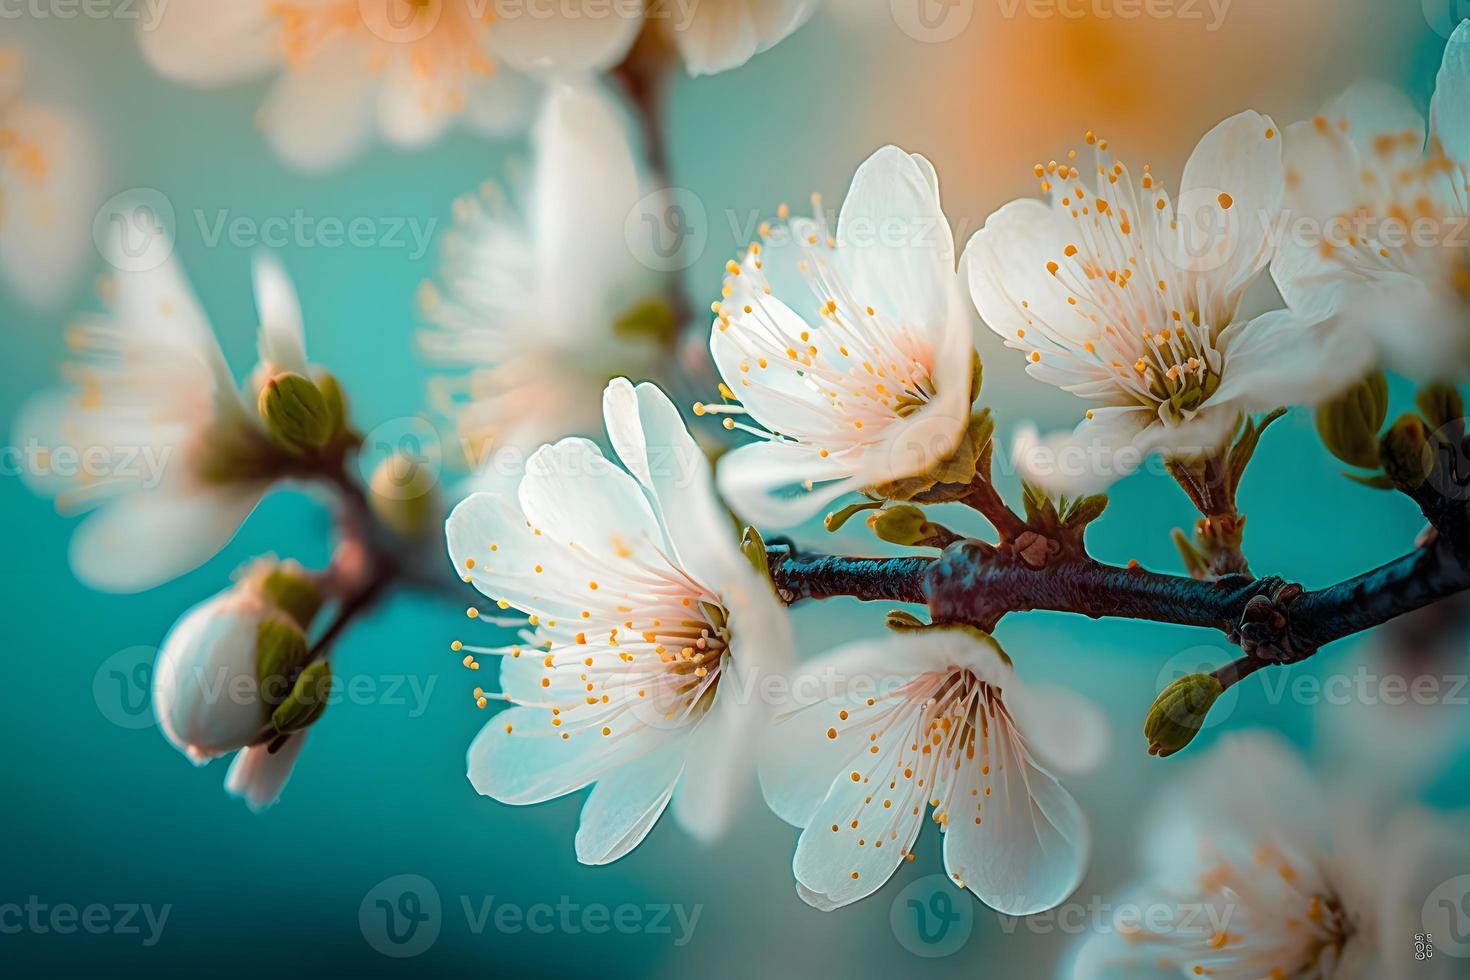 Photos Beautiful floral spring abstract background of nature. Branches of blossoming apricot macro with soft focus on gentle light blue sky background
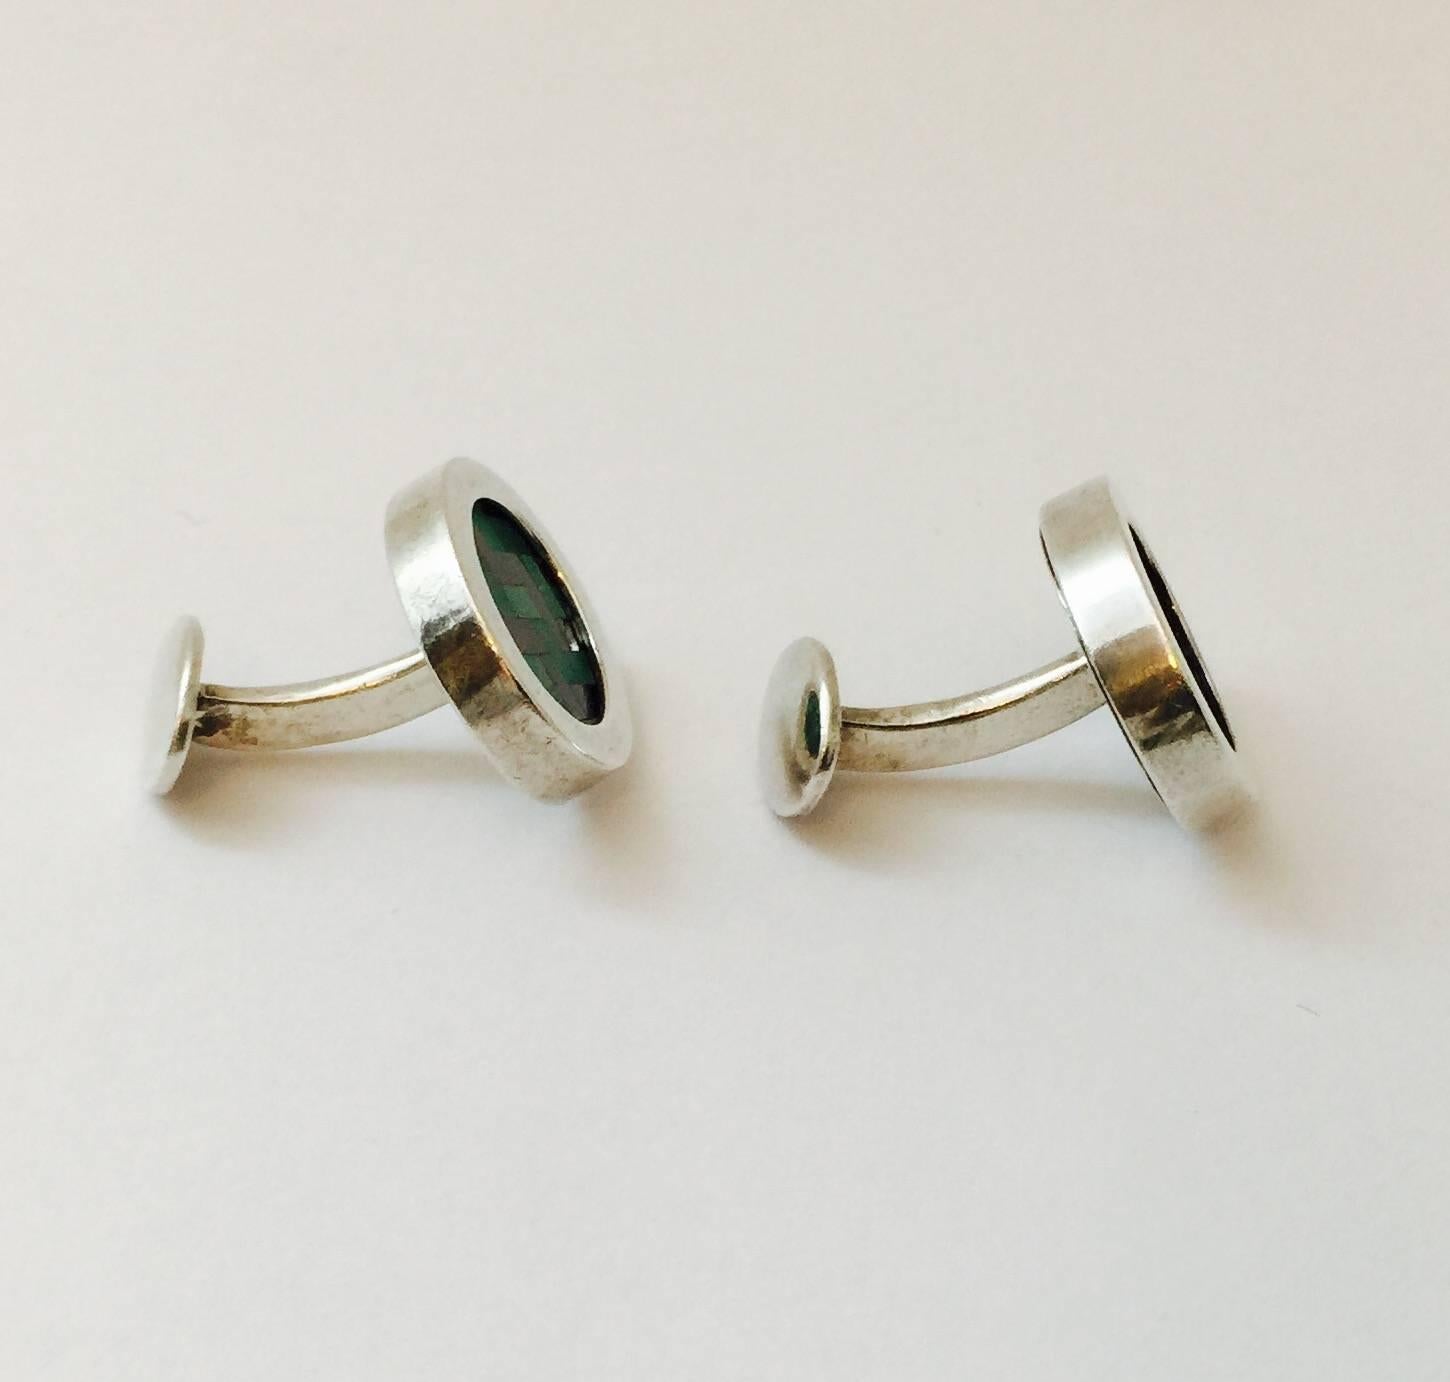 These elegant vintage Tiffany cufflinks are in a substantial sterling silver oval shape, with chevron tiles of enamel in the centre in shades of green.  Stamped Tiffany and Sterling Silver.  Finish off French Cuffs in style. Suitable for a woman's
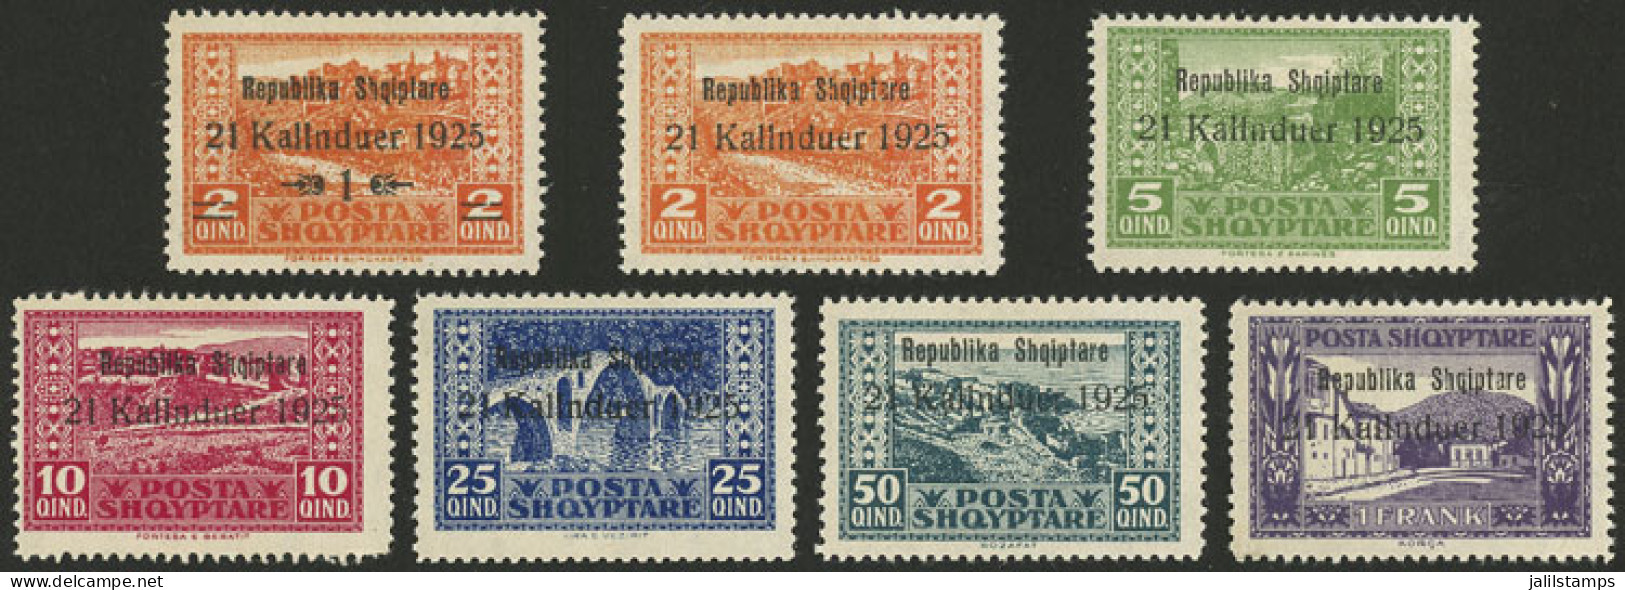 ALBANIA: Sc.171/177, 1925 Proclamation Of The Republic, Compl. Set Of 7 Overprinted Values, Very Fine Quality! - Albania
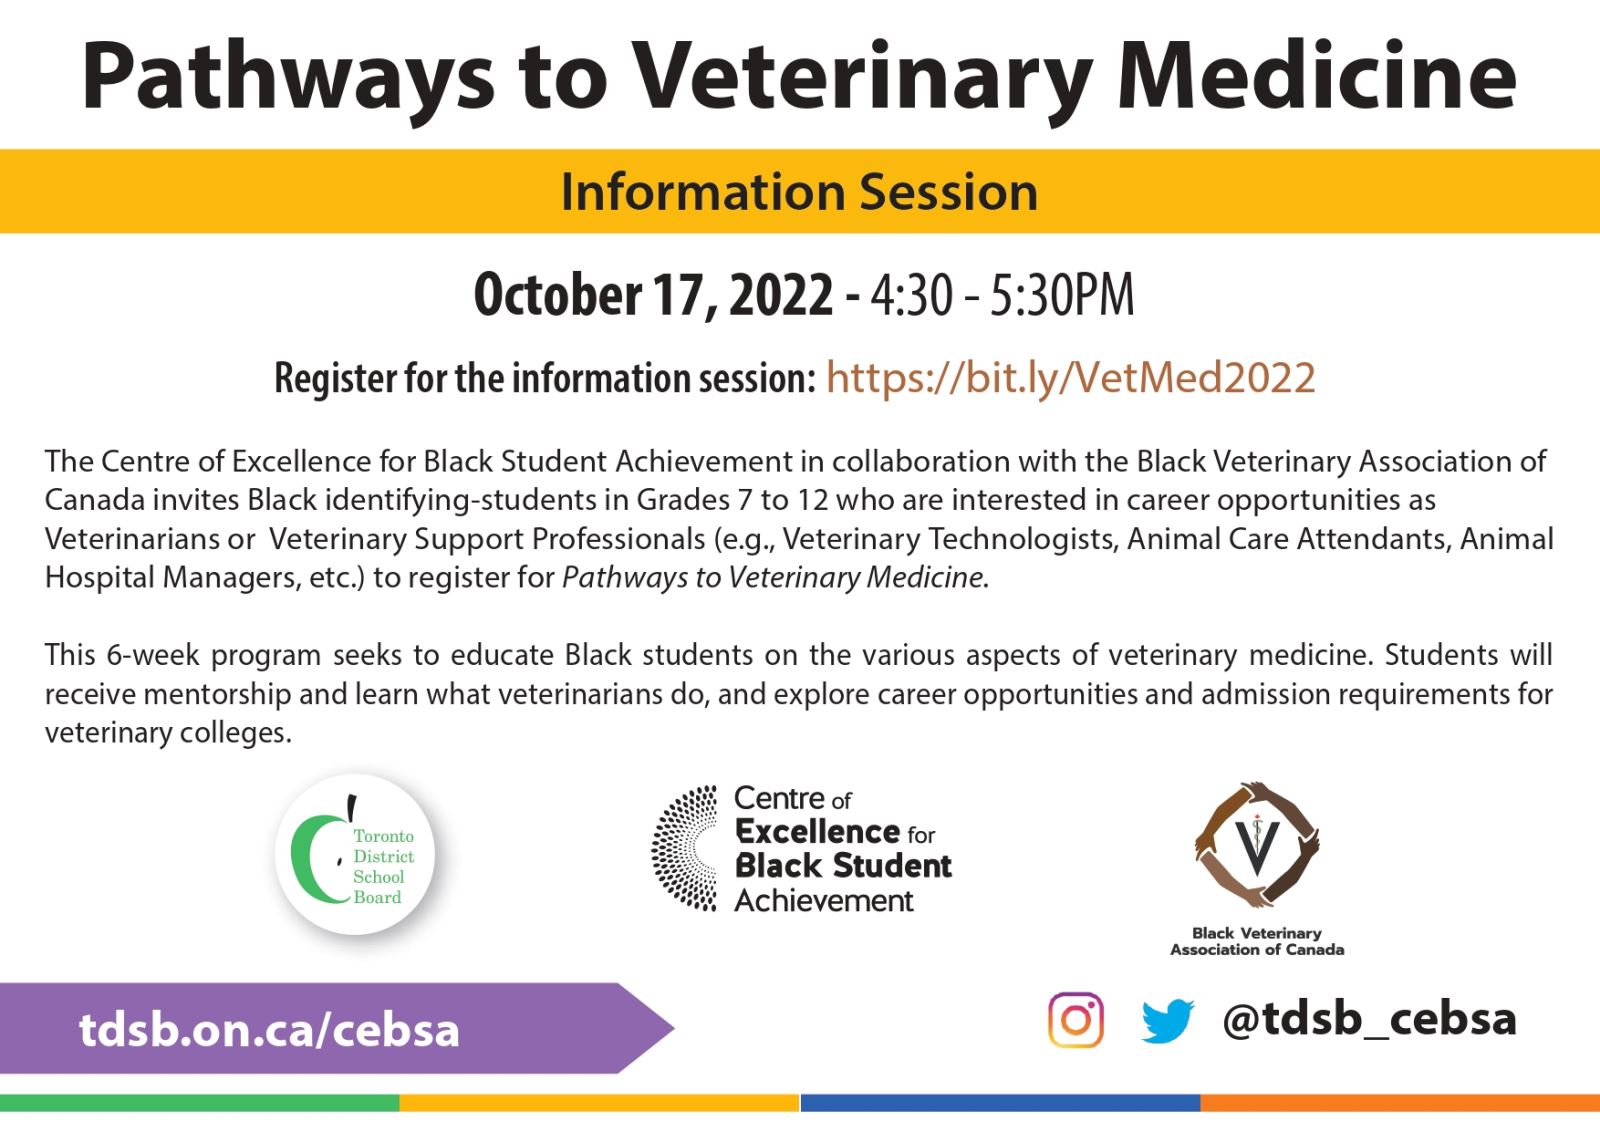 Pathways to veterinary medicine info-session is on 17th October, 2022 from 4:30 pm to 5:30 pm
• • • • •
# Directions
Write the listing out in full, exactly; no images.

# Answer section
 Photos Beautiful floral spring abstract background of nature. Branches of blossoming apricot macro with soft focus on gentle light blue sky background
 These elegant vintage Tiffany cufflinks are in a substantial sterling silver oval shape, with chevron tiles of enamel in the centre in shades of green.  Stamped Tiffany and Sterling Silver.  Finish off French Cuffs in style. Suitable for a woman's
 ALBANIA: Sc.171/177, 1925 Proclamation Of The Republic, Compl. Set Of 7 Overprinted Values, Very Fine Quality! - Albania
 Pathways to veterinary medicine info-session is on 17th October, 2022 from 4:30 pm to 5:30 pm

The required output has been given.